### DATA
──────

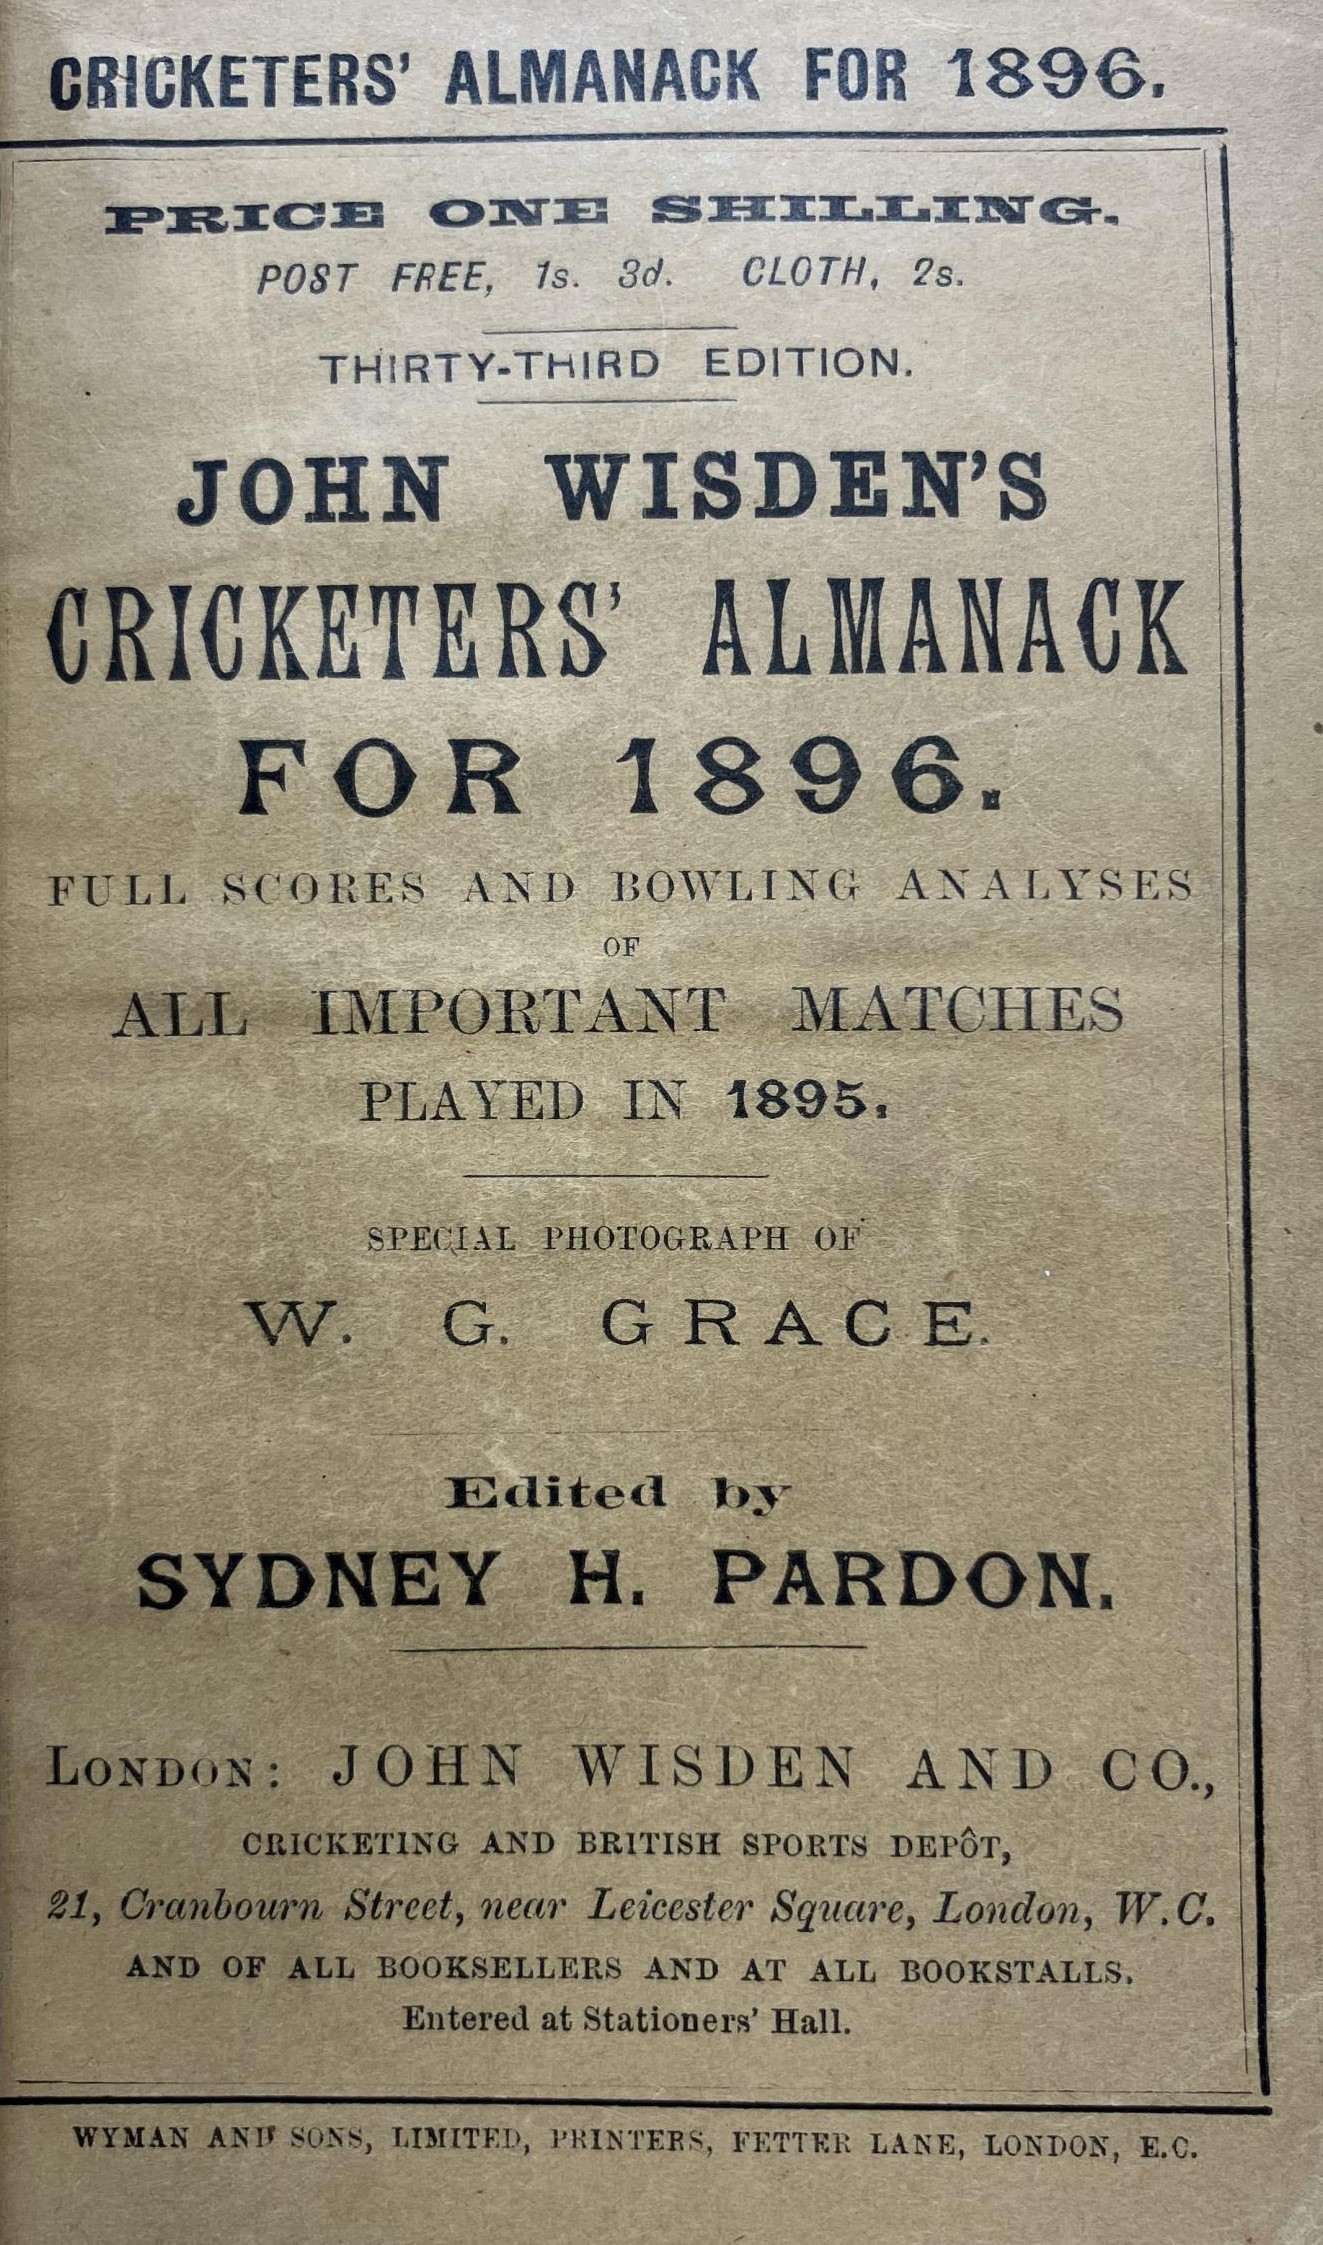 A Wisden Cricketers' Almanack, 1896 Provenance:  From the Harry Brewer Cricket Memorabilia - Image 3 of 4
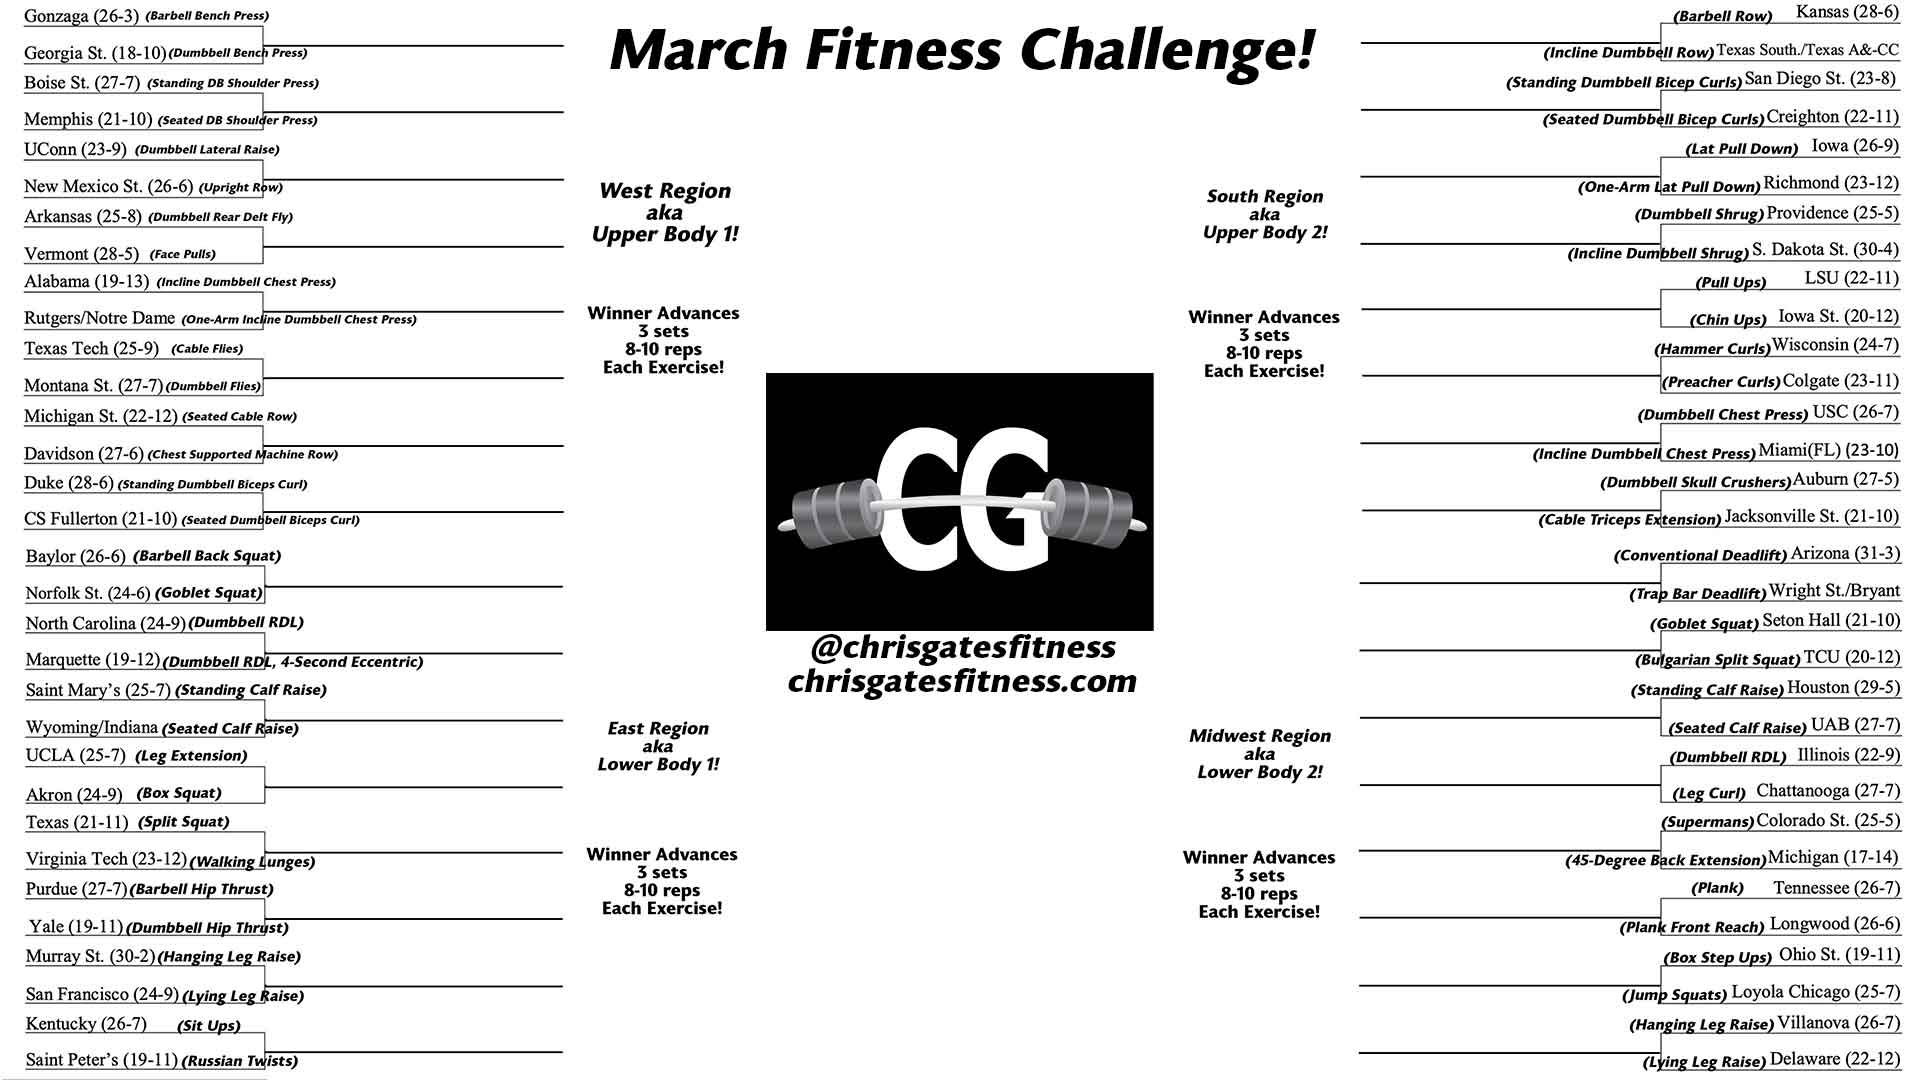 March Fitness Challenge
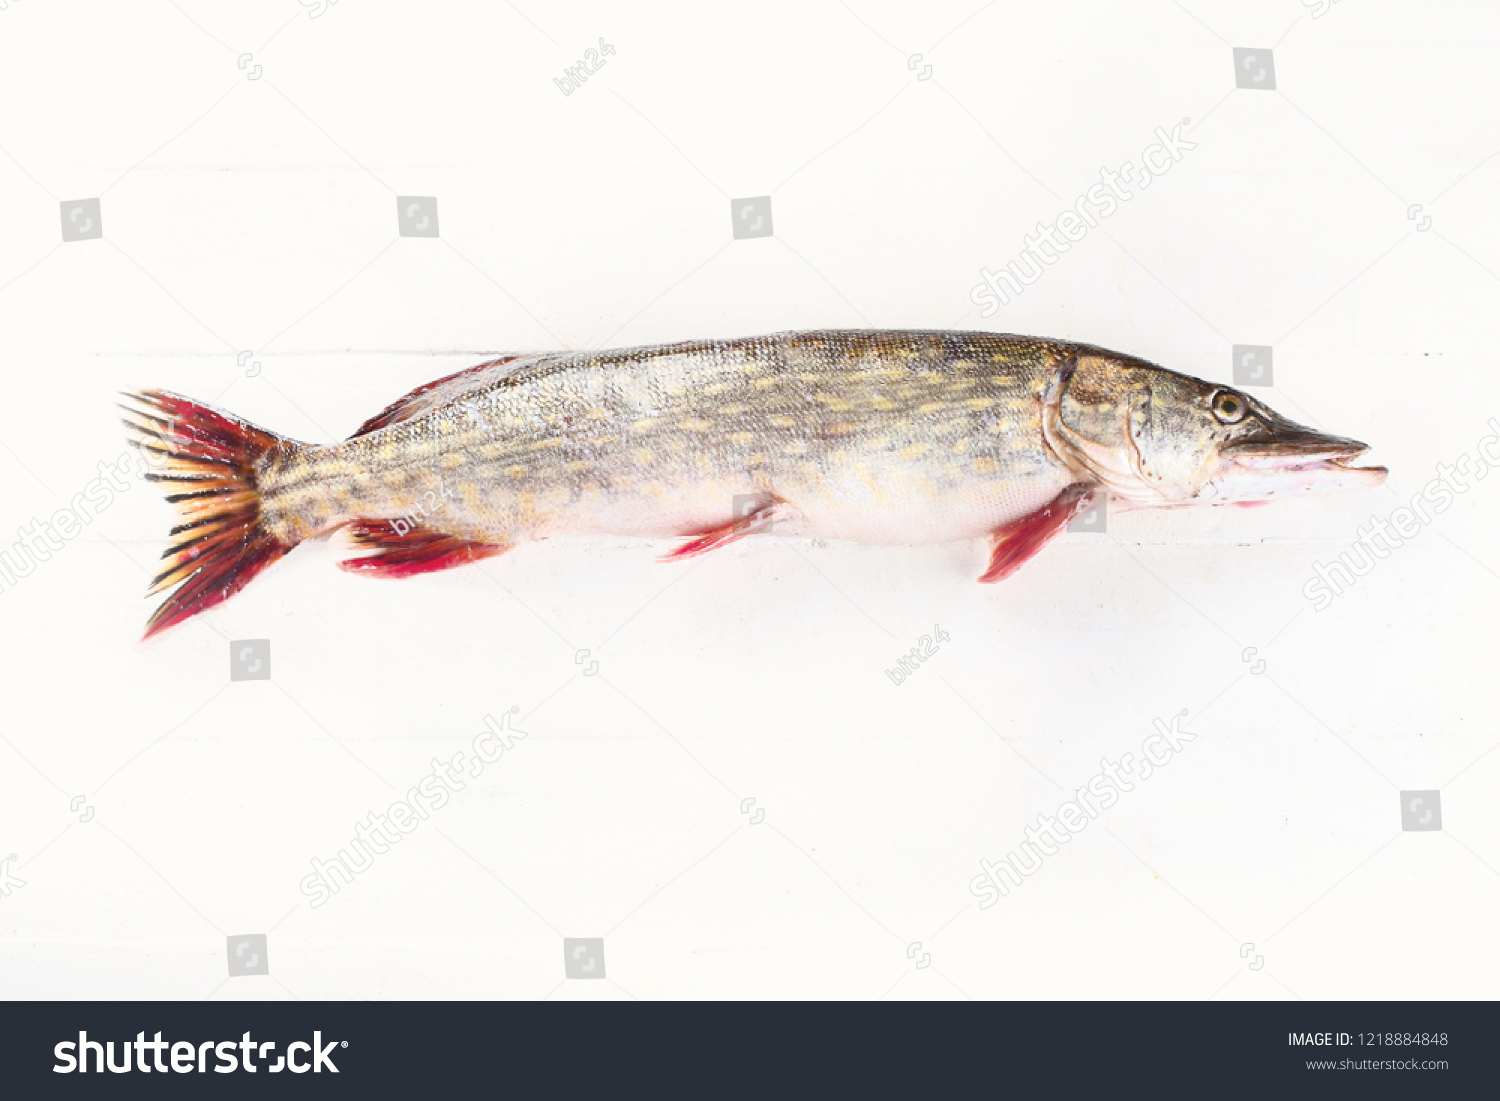 European pike. Northern Pike ( Esox Lucius ) on white wooden background with copy space #1218884848

──────

### WHAT IS BEING ASKED
What is needed is an exact repeat of only the lines from the one containing "March Fitness Challenge" through the last line of the listing above, both ends included, without the pictures.

### WRITTEN RESPONSE
 March Fitness Challenge
 European pike. Northern Pike ( Esox Lucius ) on white wooden background with copy space #1218884848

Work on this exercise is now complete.